The quantitative s:i ratios obtained from these SSNMR spectra place important constraints on the cellulose structural model. Our findings that some interior chains are more than one chain away from the nearest surface chains, together with the reduced s:i ratios of 1.2–1.5, both indicate that cellulose microfibrils in both dicot and grass primary walls should have sufficiently large dimensions to contain at least 24 chains.

Conclusions

Multidimensional 13C SSNMR of 13C-labelled plants is a powerful and versatile tool to elucidate the spatial proximities and structures of polysaccharides and proteins in near-native plant cell walls.
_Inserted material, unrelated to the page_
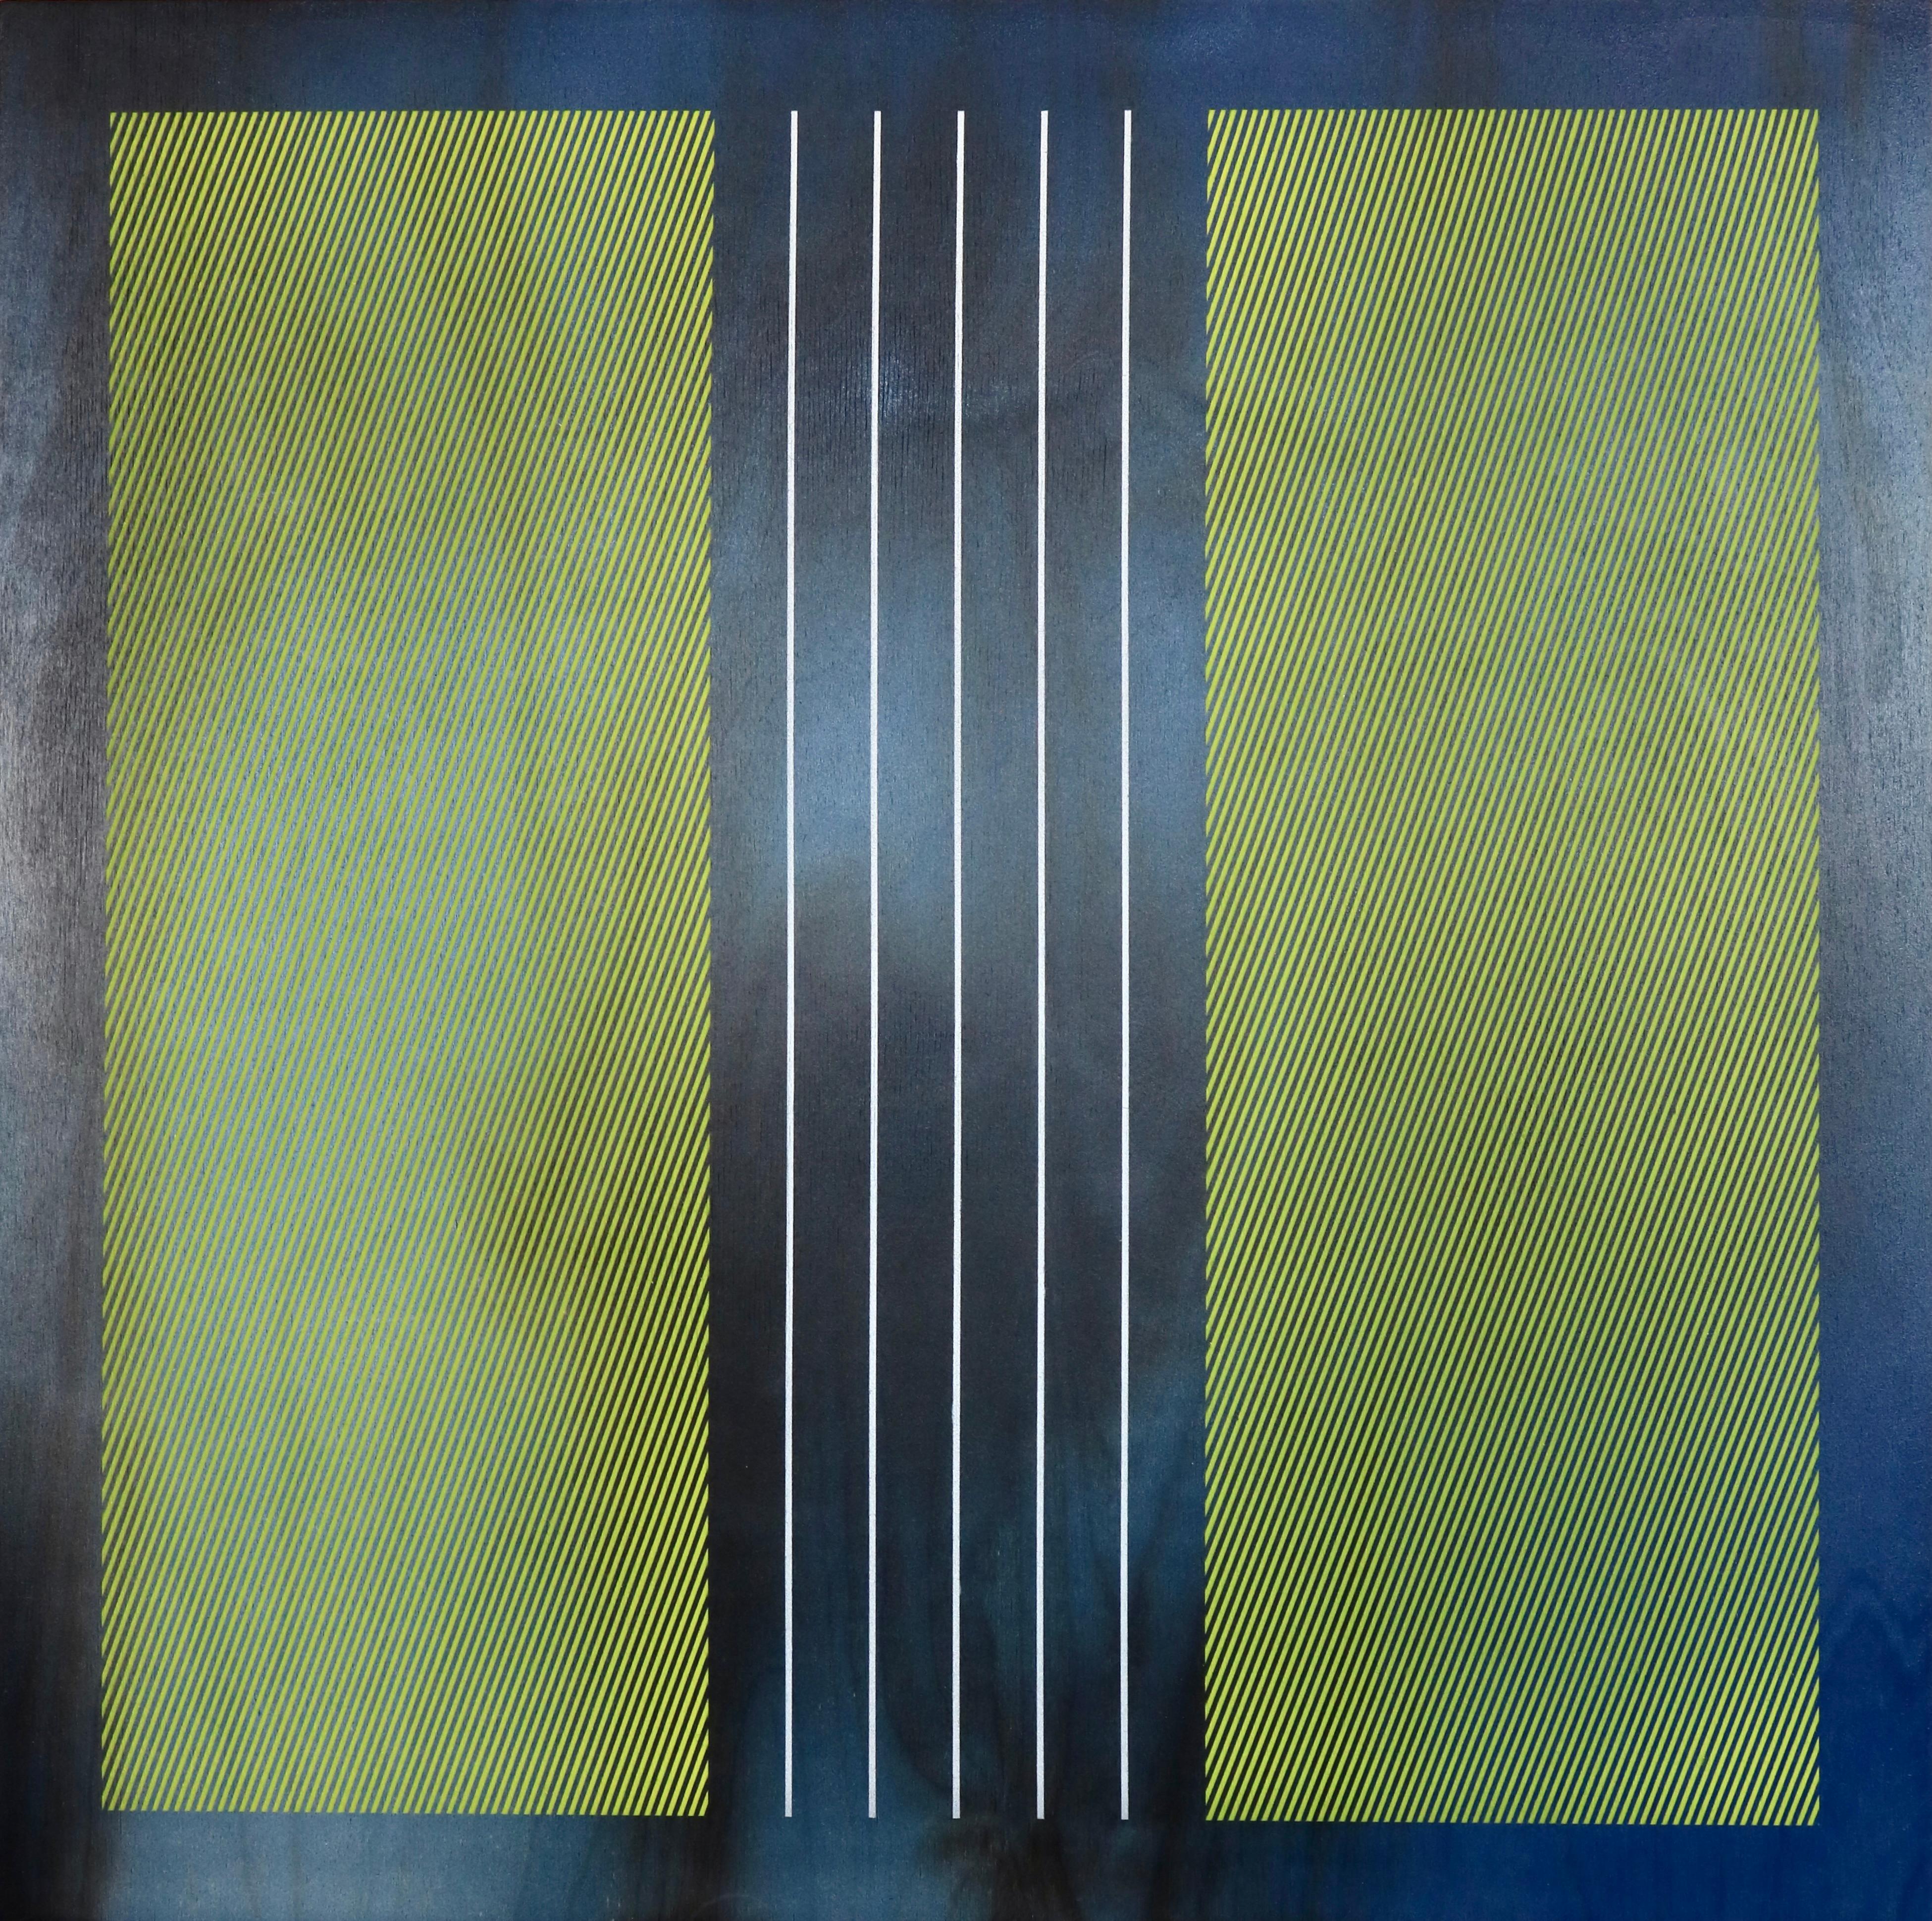 Square Mangata 2024.2 (lemon yellow grid, Navy blue, minimal, silver stripes) - Mixed Media Art by Melisa Taylor Metzger

Intermolecular cross peaks indicate that the primary wall of higher plants consists of a single cohesive network of polysaccharides, in which cellulose interacts with both hemicellulose and pectins on the nanometre scale. 2D 13C-13C correlation spectra and 1D quantitative 13C NMR spectra of dicot and grass primary walls indicate that cellulose microfibrils contain at least 24 glucan chains. This size is sufficiently large for some of the interior chains to avoid direct contact with the surface chains, thus explaining the lack of intensity equilibration between the interior and surface cellulose 13C signals at long spin diffusion mixing times. Future development of high-resolution SSNMR techniques and the synergistic use of multiple techniques should lead to higher resolution structure of the cellulose microfibrils and their assemblies.

Supplementary Material

Supplementary Data

Acknowledgements

This work is supported by the Center for Lignocellulose Structure and Formation, an Energy Frontier Research Center funded by the US Department of Energy, Office of Science, Basic Energy Sciences under Award # DE-SC0001090. We thank Dr Paul White, Dr Yu Yang, and Jonathan Williams for helpful discussions.

Glossary

Abbreviations:

b

surface-bound interior cellulose

c

core interior cellulose

DQF

double-quantum-filtered

G

glucose in xyloglucan

GAX

glucuronoarabinoxylan

HG/HGA

homogalacturonan

i

interior crystalline cellulose

INADEQUATE

incredible natural-abundance double-quantum transfer experiment

MAS

magic-angle spinning

MLG

mixed-linkage glucan

PDSD

proton-driven spin diffusion

s

surface cellulose

SSNMR

solid-state NMR

WT

wild-type

XyG

xyloglucan.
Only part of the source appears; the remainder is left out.